Whether dealing with the promotion of consumer goods, policies, or leaders, for Bernays the “engineer of consent [or call it populist or propagandist] must create news. News is not an inanimate thing. It is the overt act that makes news, and news in turn shapes the attitudes and actions of people.”
Writing about the rise of Public Relations in the 1920s and 1930s Stuart Ewen noted, “If news had once been understood as something out there, waiting to be covered, now it was seen as product to be manufactured, something designed and transmitted to bring about a visceral public response.”
In this presidential campaign nobody else comes even close to manufacturing visceral news as successfully as Trump. After all, today social media allow everybody to self-mass communicate.
A huge part of Trump’s propaganda success is simply the mainstream media’s eagerness to report whatever he tweets out to friend and foe. If it were not for the mainstream media that he attacks constantly to the delight of his supporters, most people wouldn’t know what The Donald spreads via his twitter account.
The other day, Jim Rutenberg wrote in the New York Times,
It’s time to stop calling Donald J. Trump’s presidential operation “the Trump campaign.” It would be far more accurate to call it “Trump Productions Inc.” But as Rutenberg correctly noted, Trump is “star, show runner and chief content officer” of an operation providing “multiple running plotlines (War With Megyn Kelly; Peace With Megyn Kelly!), shocking comments (A federal judge can’t be fair to me because he’s of Mexican heritage!) and personal insults (Hillary belongs in jail; that reporter is a sleaze!) that keep Americans glued to their screens.”
It does not matter to Trump that the Democratic and Republican establishment as well as pundits condemn his outrageous statements as long as his targeted audience understands and appreciates his words and what they signal.
When Trump said during one public appearance that he loves the poorly educated, from his populist perspective it made sense.
Just like Trump today, last century’s most ruthless and successful propagandists recognized that they needed to tailor their appeals to the masses, not the well-educated.
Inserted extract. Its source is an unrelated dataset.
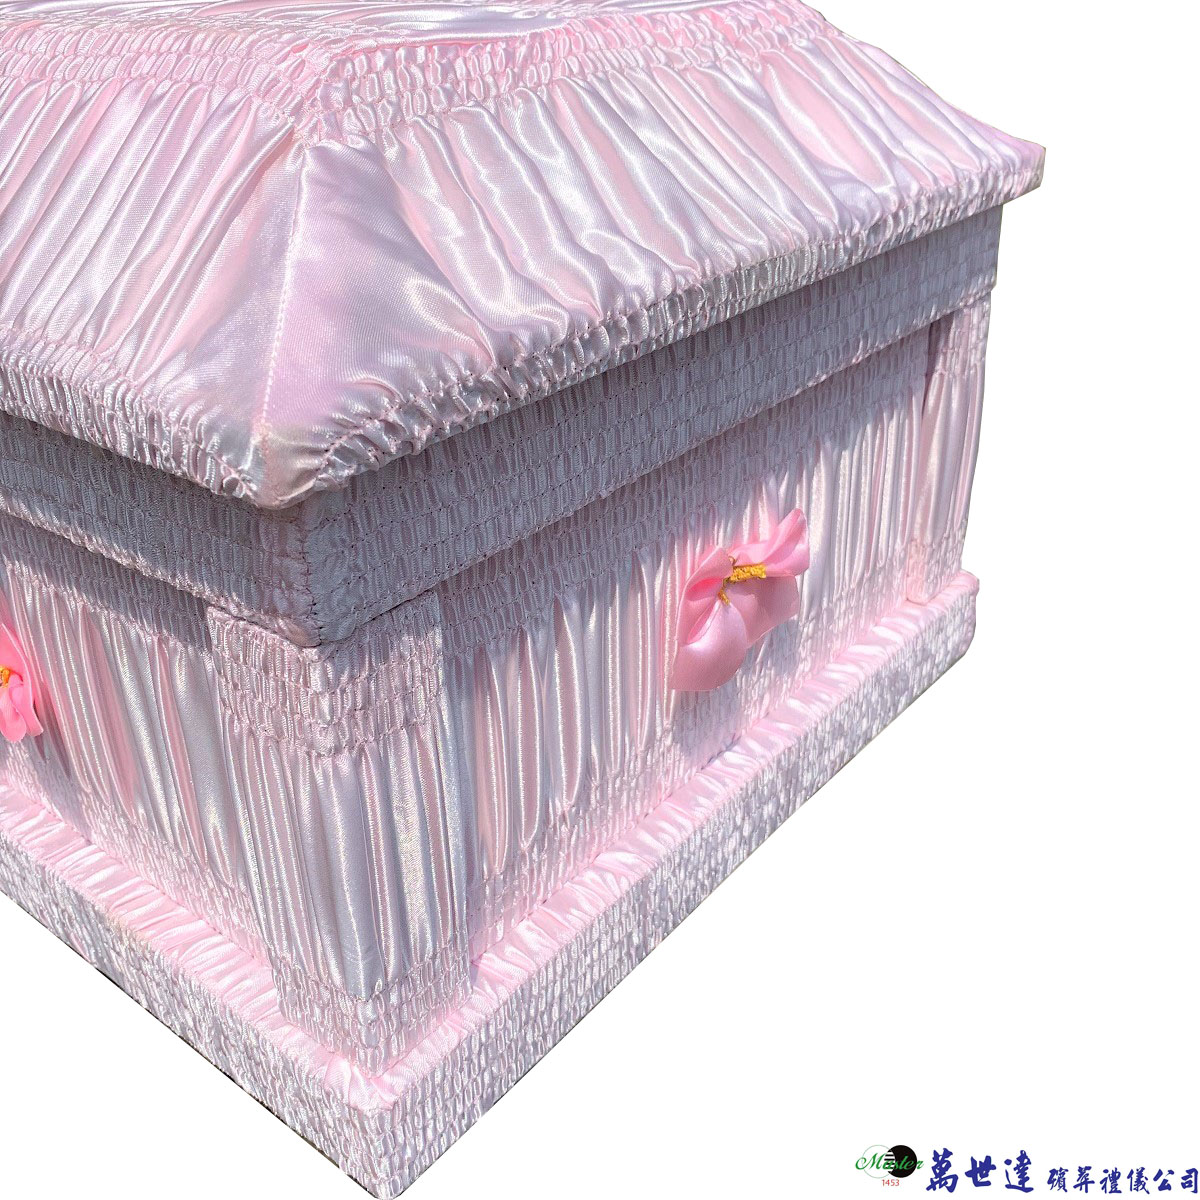 粉色天使棺(60公分)

In “Mein Kampf,” Adolf Hitler wrote,
The art of propaganda lies in understanding the emotional ideas of the great masses and finding, through a psychologically correct form, the way to the attention and thence to the heart of the broad masses. The fact that our bright boys do not understand this merely shows how mentally lazy and conceited they are.
Criticizing Trump for sticking to simple slogans and promises, such as “making America great again” or “building a wall between the U.S. and Mexico” instead of presenting detailed policy programs is unlikely to cost him support--just the opposite. As Joseph Goebbels, Hitler’s Minister of Propaganda, put it, “Propaganda should be popular, not intellectually pleasing. It is not the task of propaganda to discover intellectual truths.”
He also noted that propaganda does not have to be consistent but rather “is always flexible. It says different things here than it does there.”
Seems that there are great similarities between some of the most instructive propaganda playbooks of the past and what Trump practices today.